## DATA
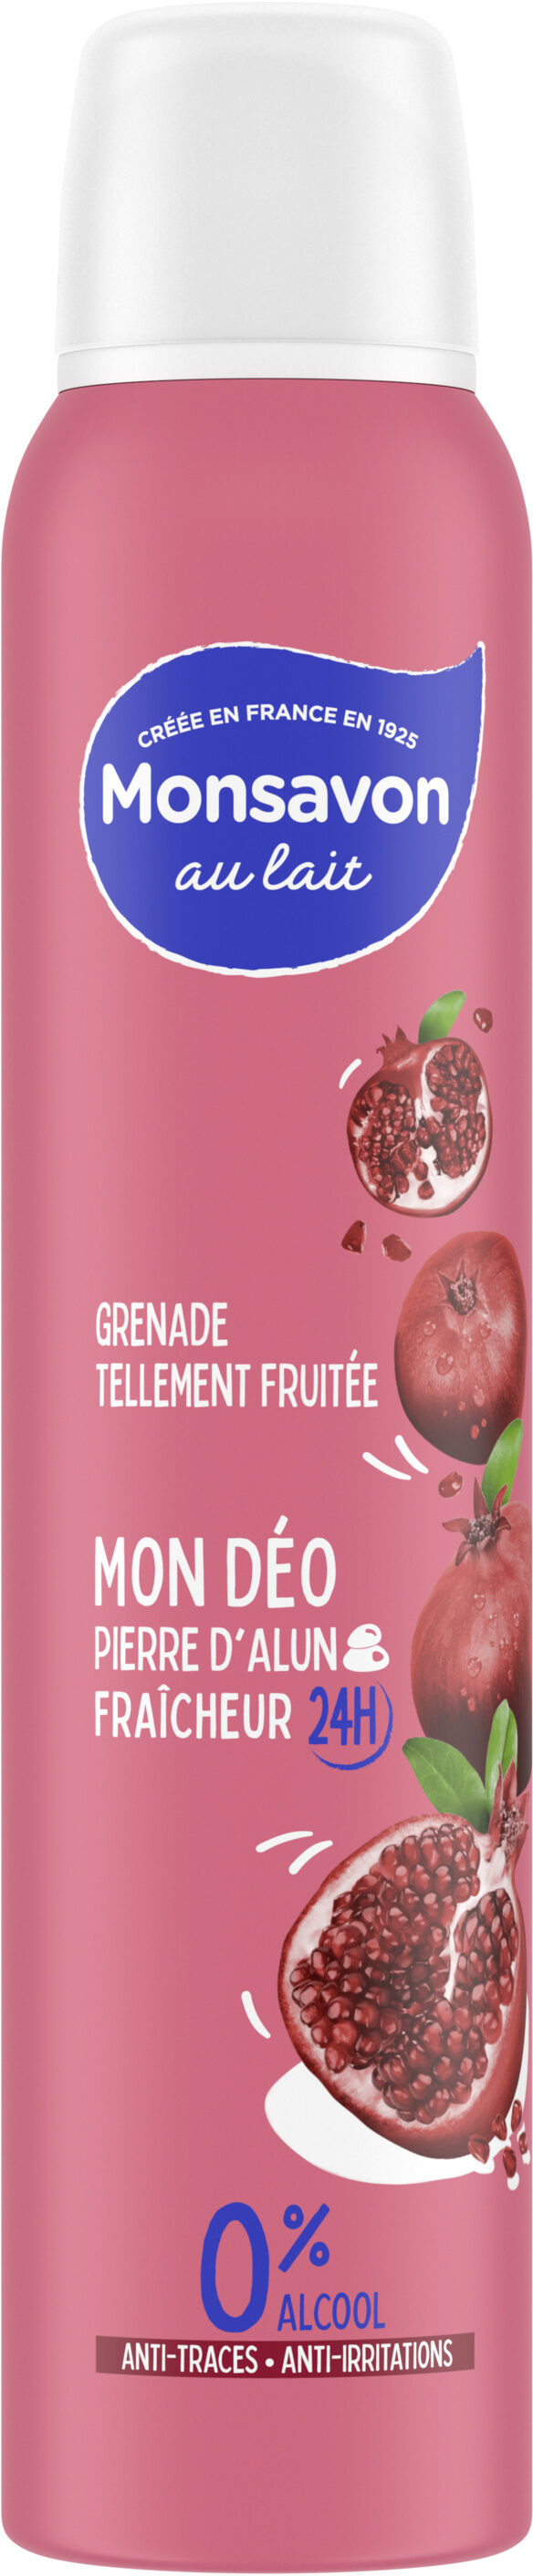 MONSAVON Déodorant Femme Spray Grenade Tellement Fraîche 200ml - Produit - fr
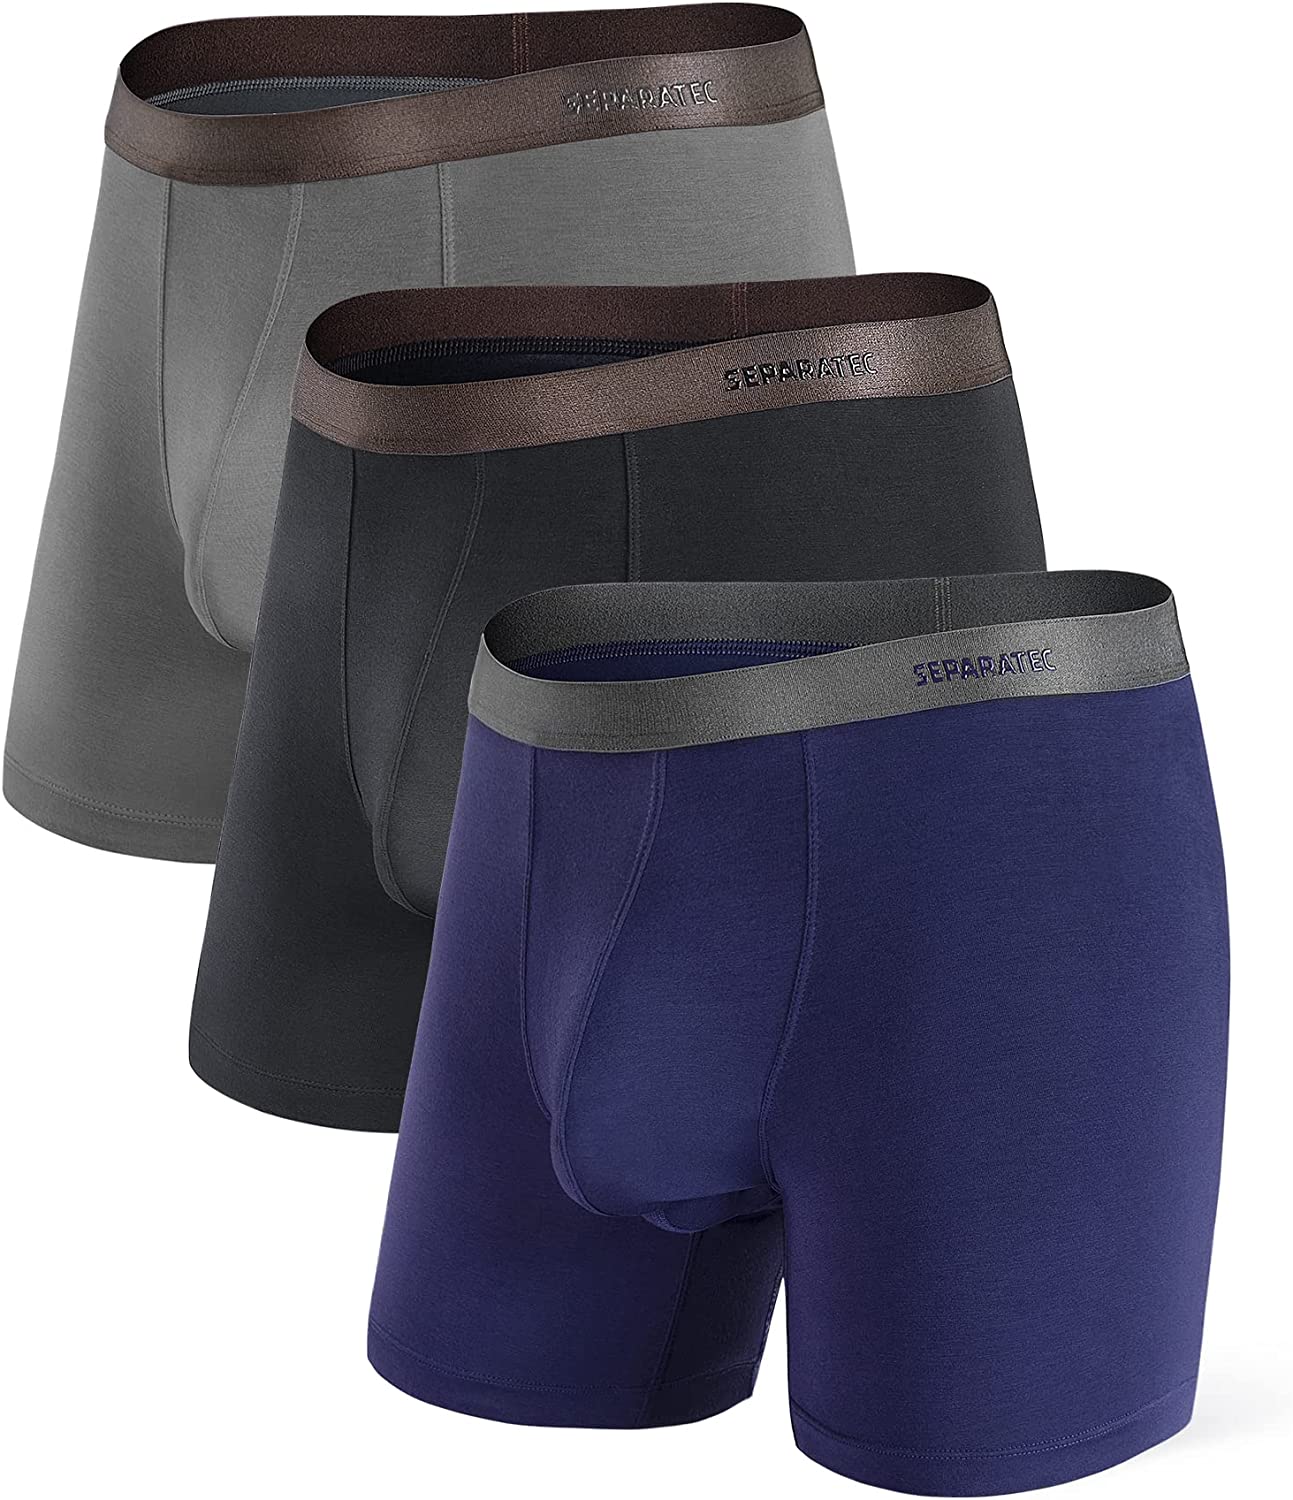 Separatec Men's Underwear Trunks 2.0 Seamless Bamboo Rayon
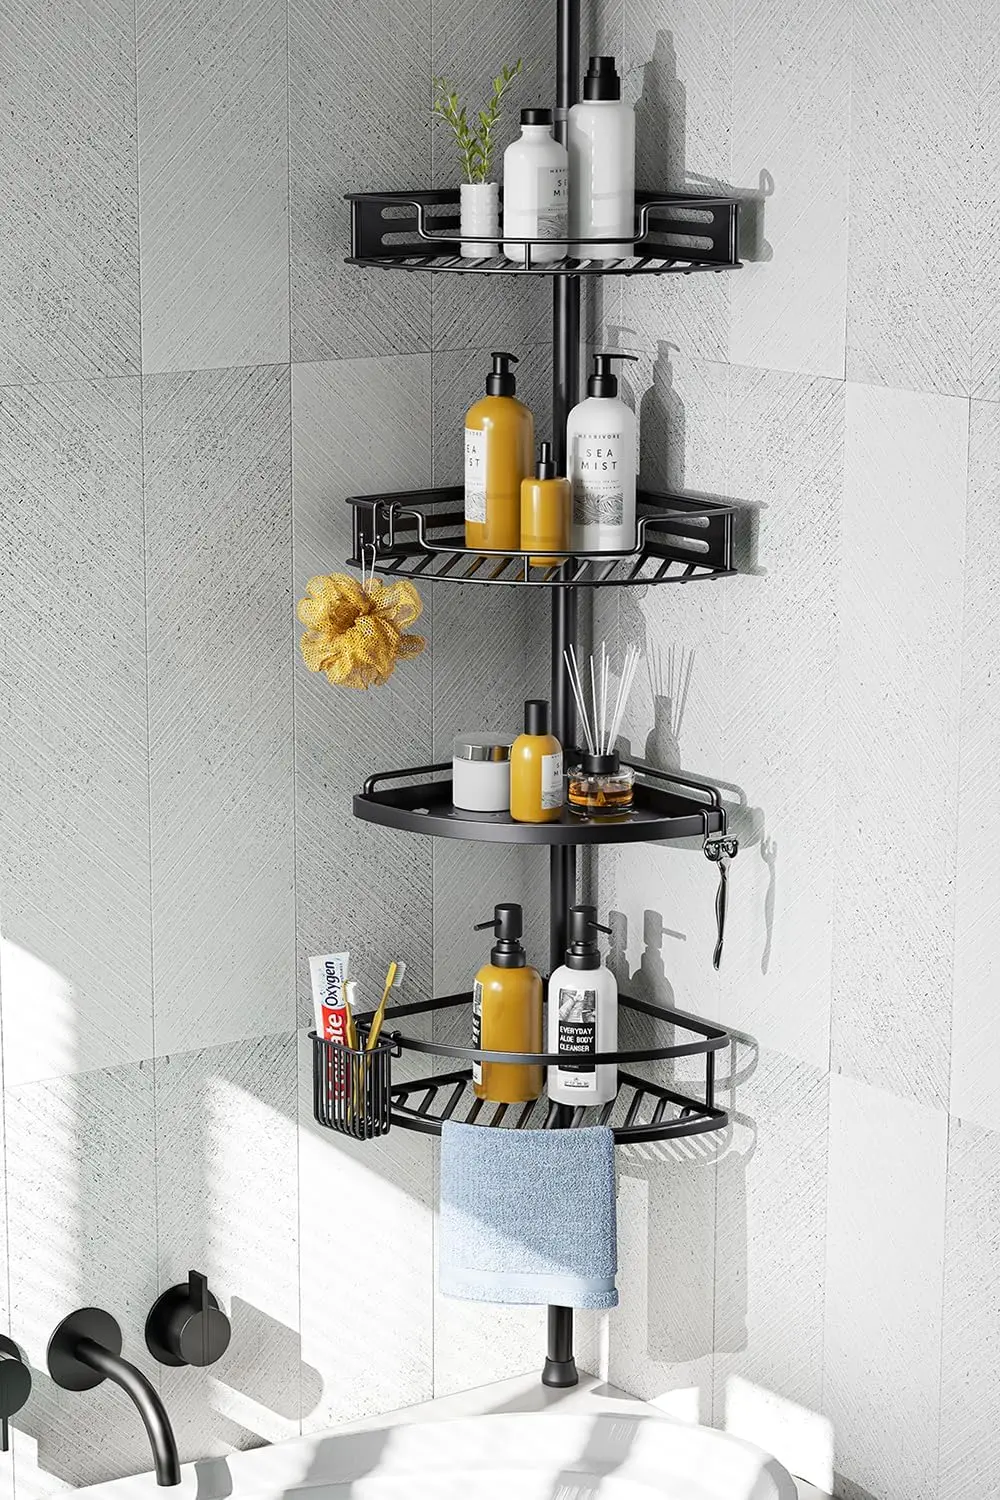 corner-shower-caddy-tension-pole-quick-installation-4-tier-rustproof-bathroom-organizer-shelves

## WHAT YOU NEED TO DO
Transcribe the lines above exactly, setting aside any picture among them.

## TASK RESPONSE
 MONSAVON Déodorant Femme Spray Grenade Tellement Fraîche 200ml - Produit - fr
 Separatec Men's Underwear Trunks 2.0 Seamless Bamboo Rayon
 corner-shower-caddy-tension-pole-quick-installation-4-tier-rustproof-bathroom-organizer-shelves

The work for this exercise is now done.